Instructions to follow - Give again only the lines from the line that holds "Q25. The area" to the end of the data, inclusive, omitting all pictures.
BEGIN Given records
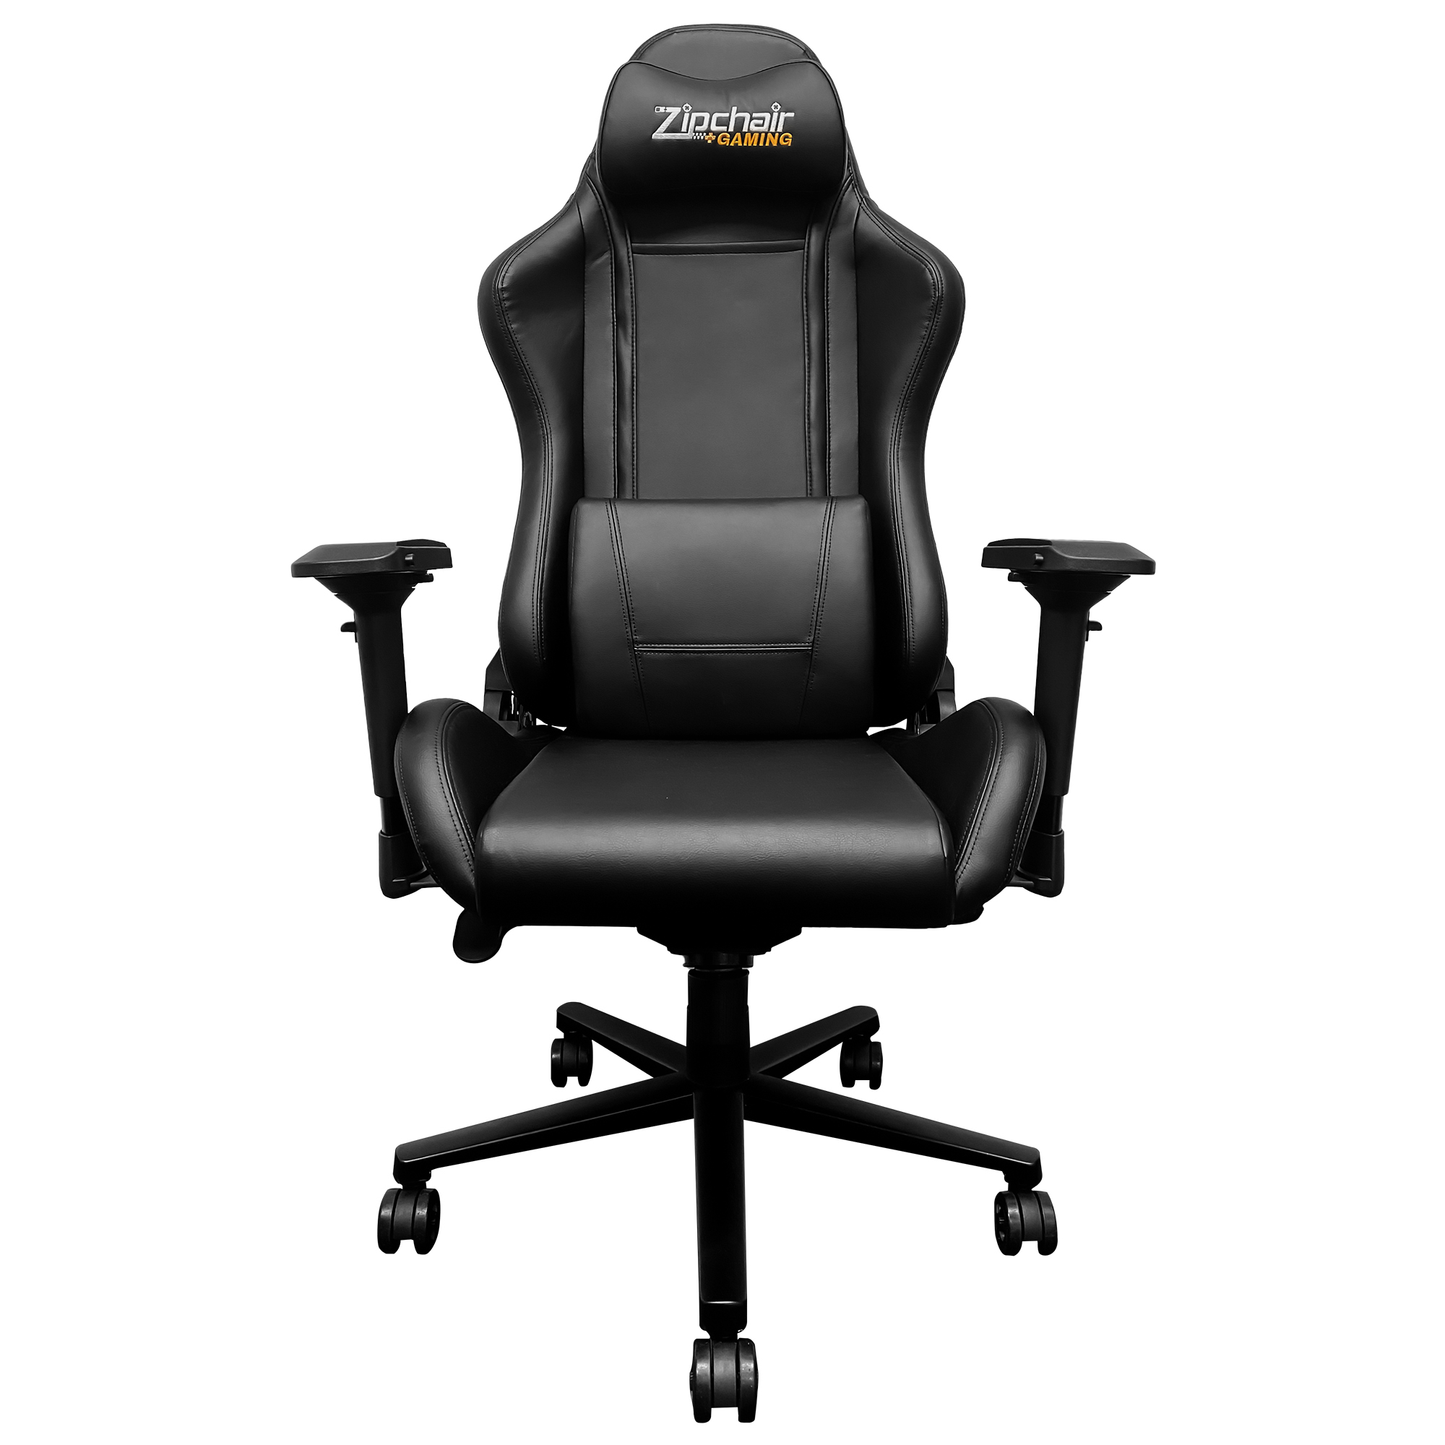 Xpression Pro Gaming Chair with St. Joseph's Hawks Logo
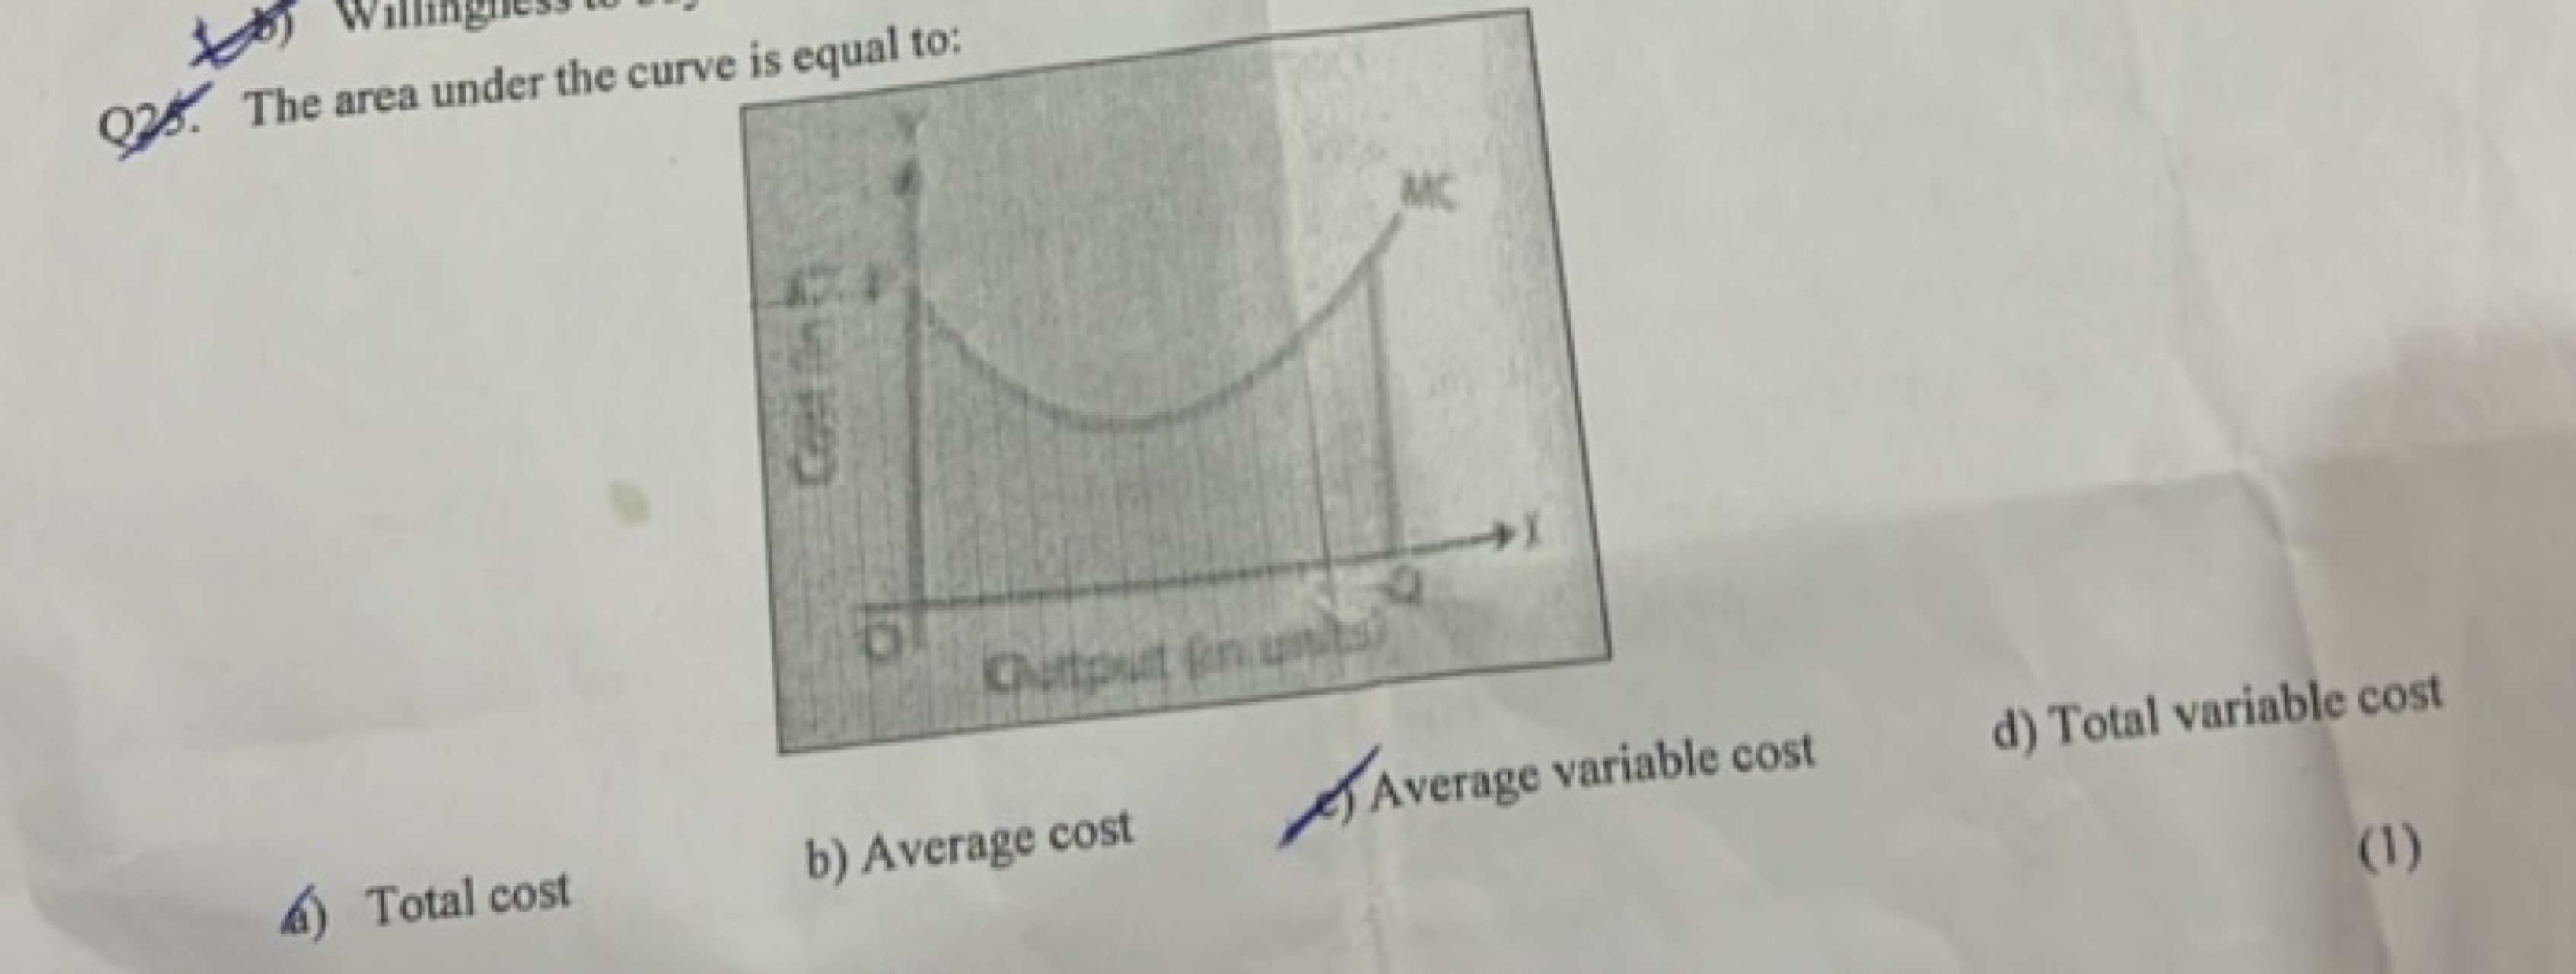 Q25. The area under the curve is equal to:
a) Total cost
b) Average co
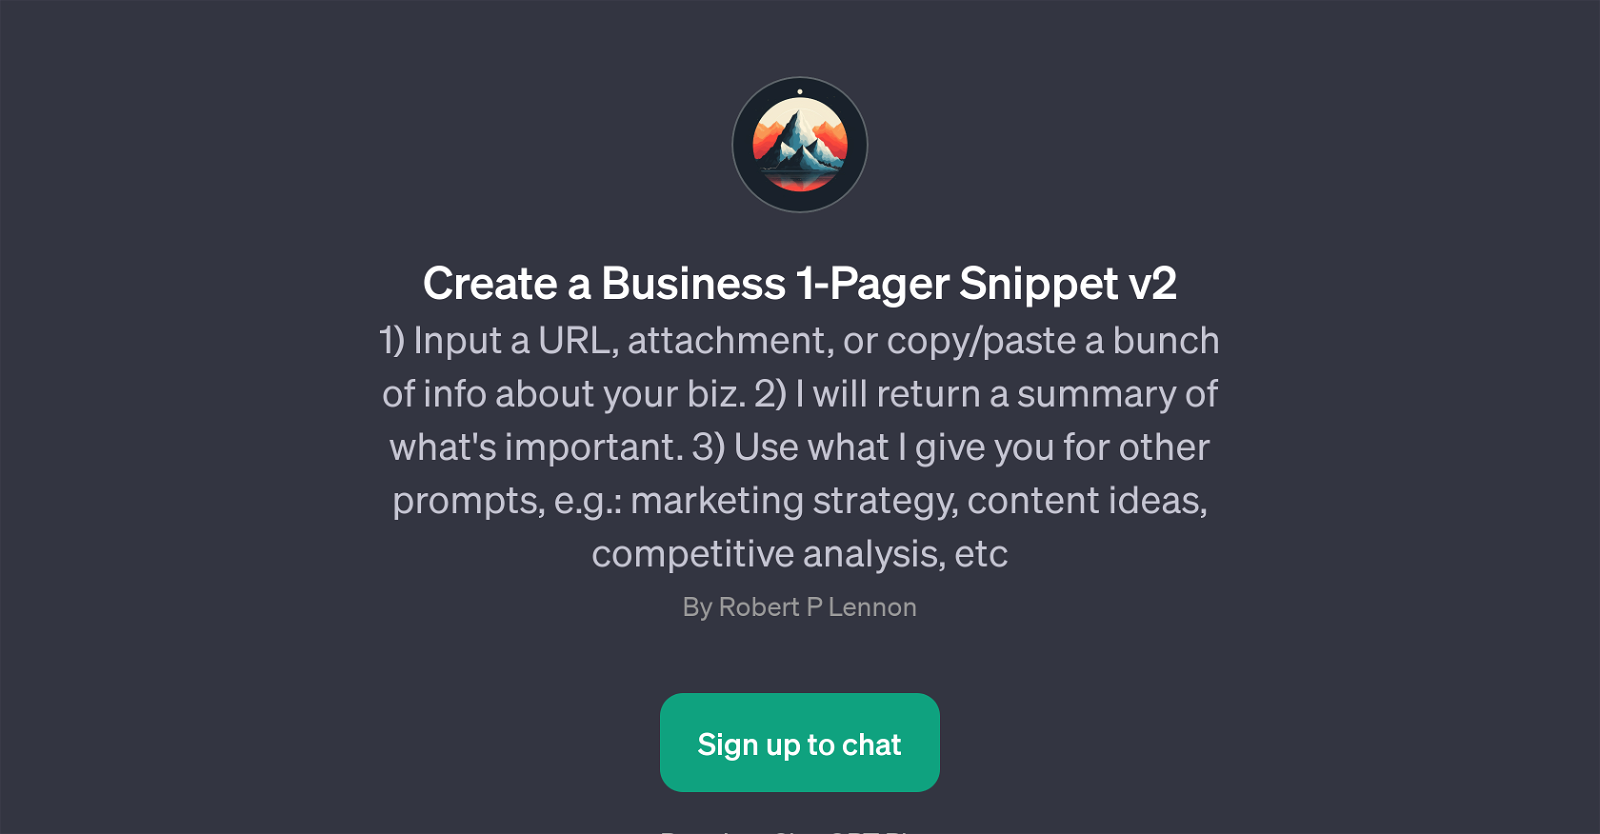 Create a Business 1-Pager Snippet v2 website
END Given records
Answer box -
 Q25. The area under the curve is equal to:
a) Total cost
b) Average co
 Create a Business 1-Pager Snippet v2 website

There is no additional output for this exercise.